Burri si guarda intorno e scopre un fascino impensabile dentro le cose più banali, banali come un pezzo di plastica, una lamina di ferro, una trave di legno. Egli prende materiali comuni, li inserisce in un’ intelaiatura, ne esalta al massimo le loro proprietà e ce li mostra, nobilitandoli, rendendoli ancora più vivi e interessanti di quanto non ci sembrano quando li vediamo sul nostro cammino ogni giorno.Il percorso artistico di Burri comincia con la prima metà degli anni Cinquanta con la sua serie di opere più famosa, quella dei «sacchi». Burri è affascinato dalla consistenza grezza e rugosa della trama dei sacchi di juta, ed è proprio questa a diventare la protagonista dei suoi primi pezzi. Come fare per esaltare questa trama? Tagliandola, cucendola, strappandola, tirandola, dipingendola con colori vivi, il rosso ed il nero. Tutti questi buchi, questi rammendi, queste ferite nelle tele subito ci trasmettono sensazioni fisiche precise. Ci ricordano le ferite e gli squarci di un corpo martoriato, colpito, come membra sanguinanti di un soldato abbattuto in guerra. Non si sa quanto ciò fosse voluto da Burri. Egli non spiega mai le sue opere suscitando immagini che vanno oltre le sue opere. Preferisce che il materiale parli da sè. Desidera che sia l’osservatore ad interpretare col suo vissuto, con le sue sensazioni ciò che le tele suggeriscono. Resta curioso il fatto che molti vi hanno letto questo legame con la ferita profonda lasciata nel corpo dei nostri soldati dopo la II Guerra Mondiale. Molti in queste opere leggono il suo precedente passato di medico che, sul campo di battaglia, doveva intervenire per ricucire con suture e bende le ferite dei compagni sul campo.

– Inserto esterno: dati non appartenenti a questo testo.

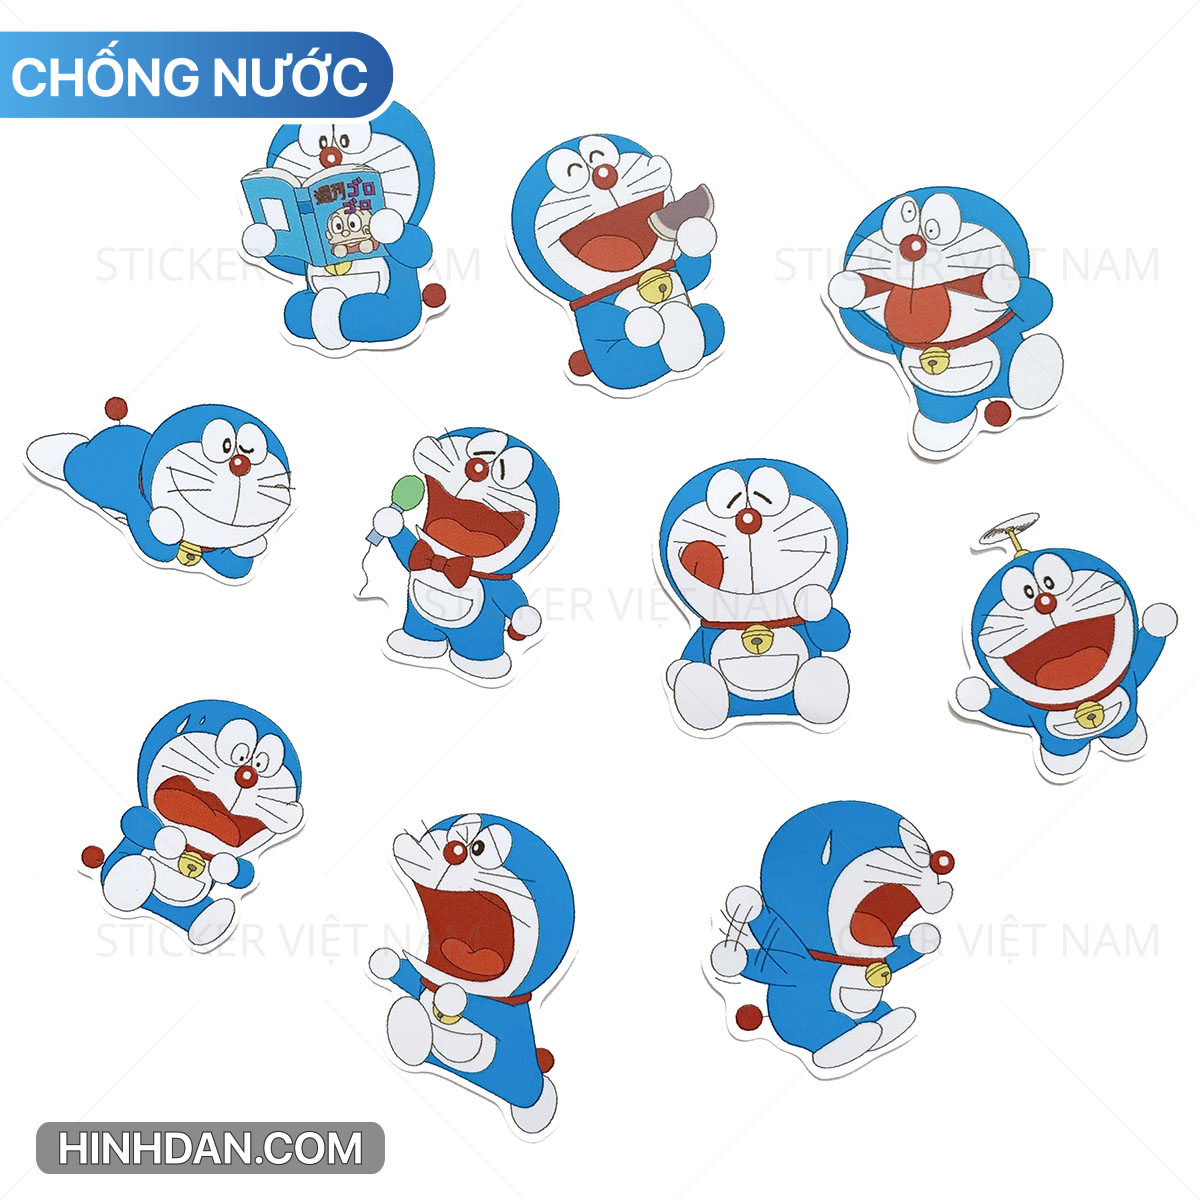 Bạn là một người yêu thích dòng tranh Doremon và muốn sở hữu những sticker xinh xắn để trang trí hay gửi tặng bạn bè? Sticker Doraemon Dễ Thương bộ mới nhất 2021 với nhiều kích thước và thiết kế đáng yêu sẽ là lựa chọn không thể bỏ qua! Hãy đến với chúng tôi và lựa chọn cho mình các sticker ưng ý nhé!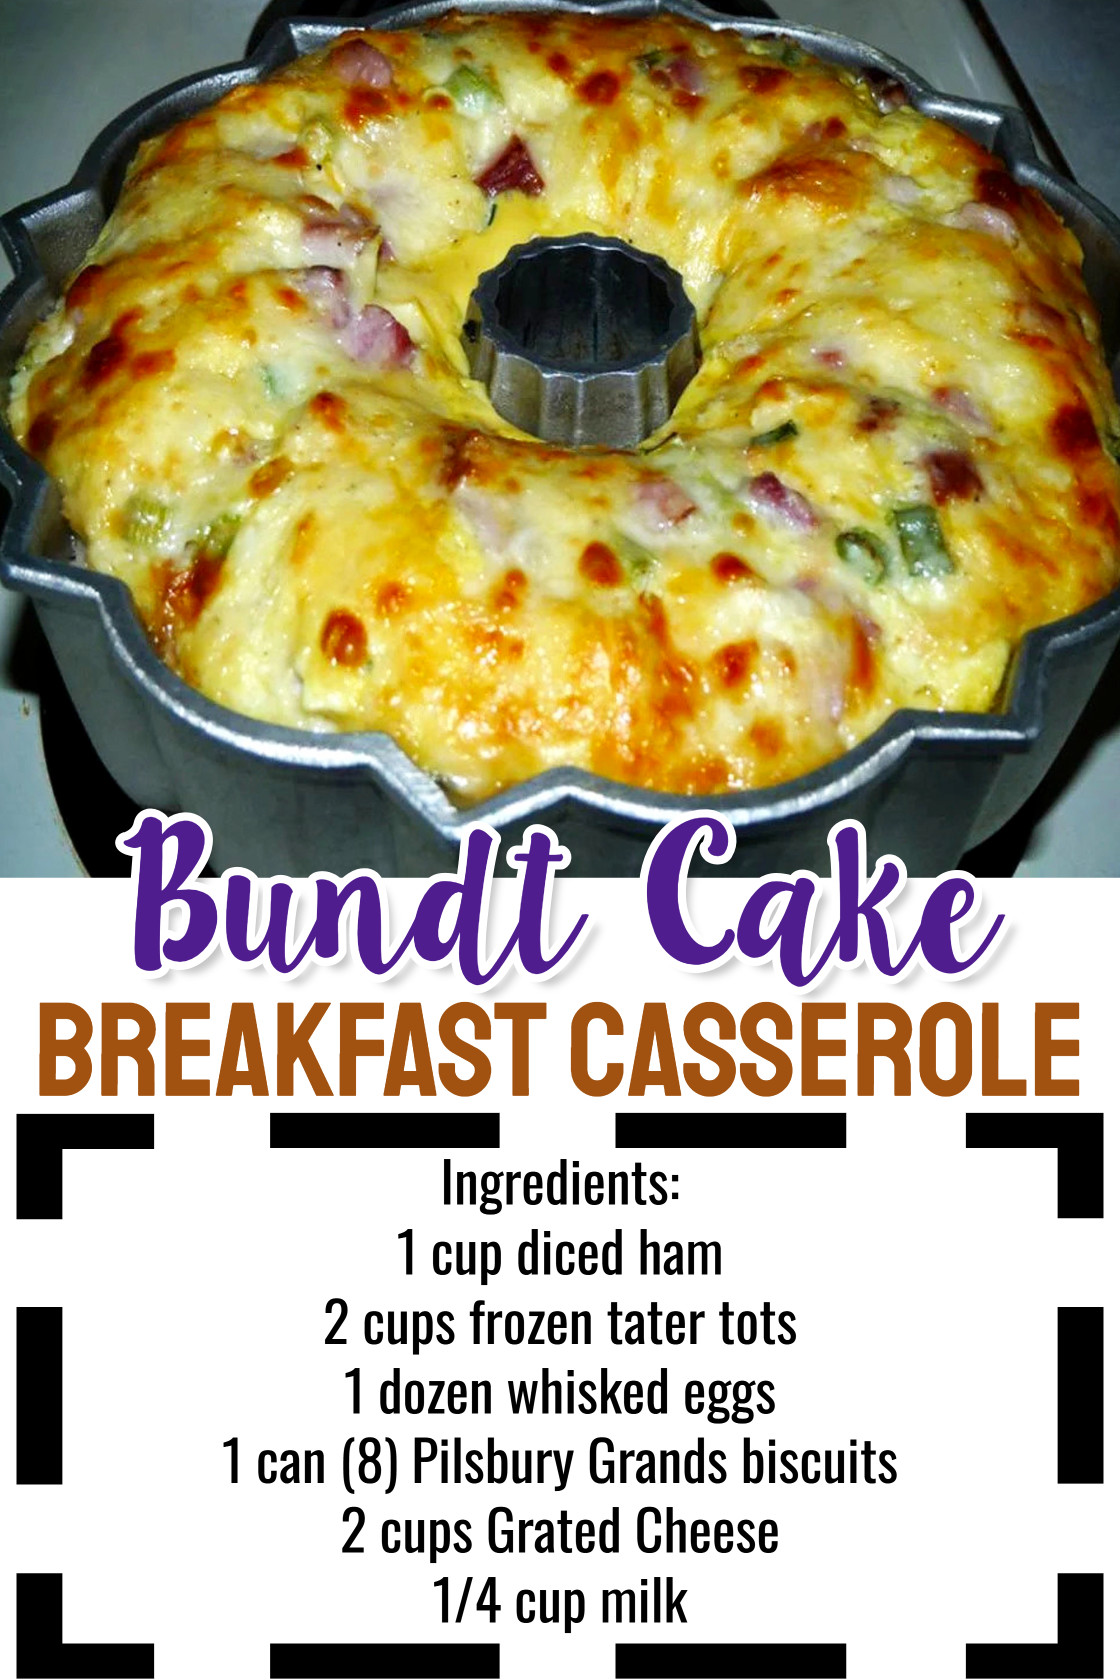 Bundt Cake Breakfast Casserole Recipe ingredients

I NOSTRI LAVORI:I quadri che vedete esposti sono il frutto del nostro lavoro pratico svolto nelle ore di arte dopo aver conosciuto la figura di Alberto Burri. La professoressa ci ha chiesto di provare a interrogarci su come i materiali che utilizziamo tutti i giorni possono comunicarci delle sensazioni fisiche precise. Ad esempio il metallo è freddo e ci dà una sensazione di durezza e di distanza, il cotone invece ed è soffice e quindi accogliente, la stoffa è porosa e quindi può essere fastidiosa, la plastica è sfuggente, liscia e intoccabile.Osservando i materiali da questo punto di vista dovevamo provare a creare un’opera d’arte nello stile di Burri che riuscisse a comunicare le sensazioni fisiche e le emozioni che noi provavamo leggendo una poesia di Ungaretti.Ognuno di noi ha scelto una poesia dell’autore, l’ha letta con attenzione e ha provato a focalizzare bene quali sensazioni il testo gli suscitava. Dopo di che ha scelto i materiali e le modalità di intervento per assemblare l’opera in modo più espressivo e comunicativo possibile. Abbiamo creato delle opere astratte fatte solo di materia. Essendo astratte nessuno, tranne noi, può sapere cosa volevamo dire con quell’opera. Ecco perchè abbiamo trascritto le nostre intenzioni ed il nostro percorso creativo in un testo posto sotto ogni tela. Ognuno di voi però ci vedrà dentro sensazioni ed immagini diverse, ed è questo il bello! Anche le opere di Burri creano lo stesso effetto. Non sono uguali per tutti. C’è chi le respinge, c’è chi le adora. La cosa interessante è che ogni sua opera fa nascere un dialogo fra la tela e l’osservatore. Vi invitiamo quindi a relazionarvi con le nostre opere e a vedere cosa vi comunicano.Grazie!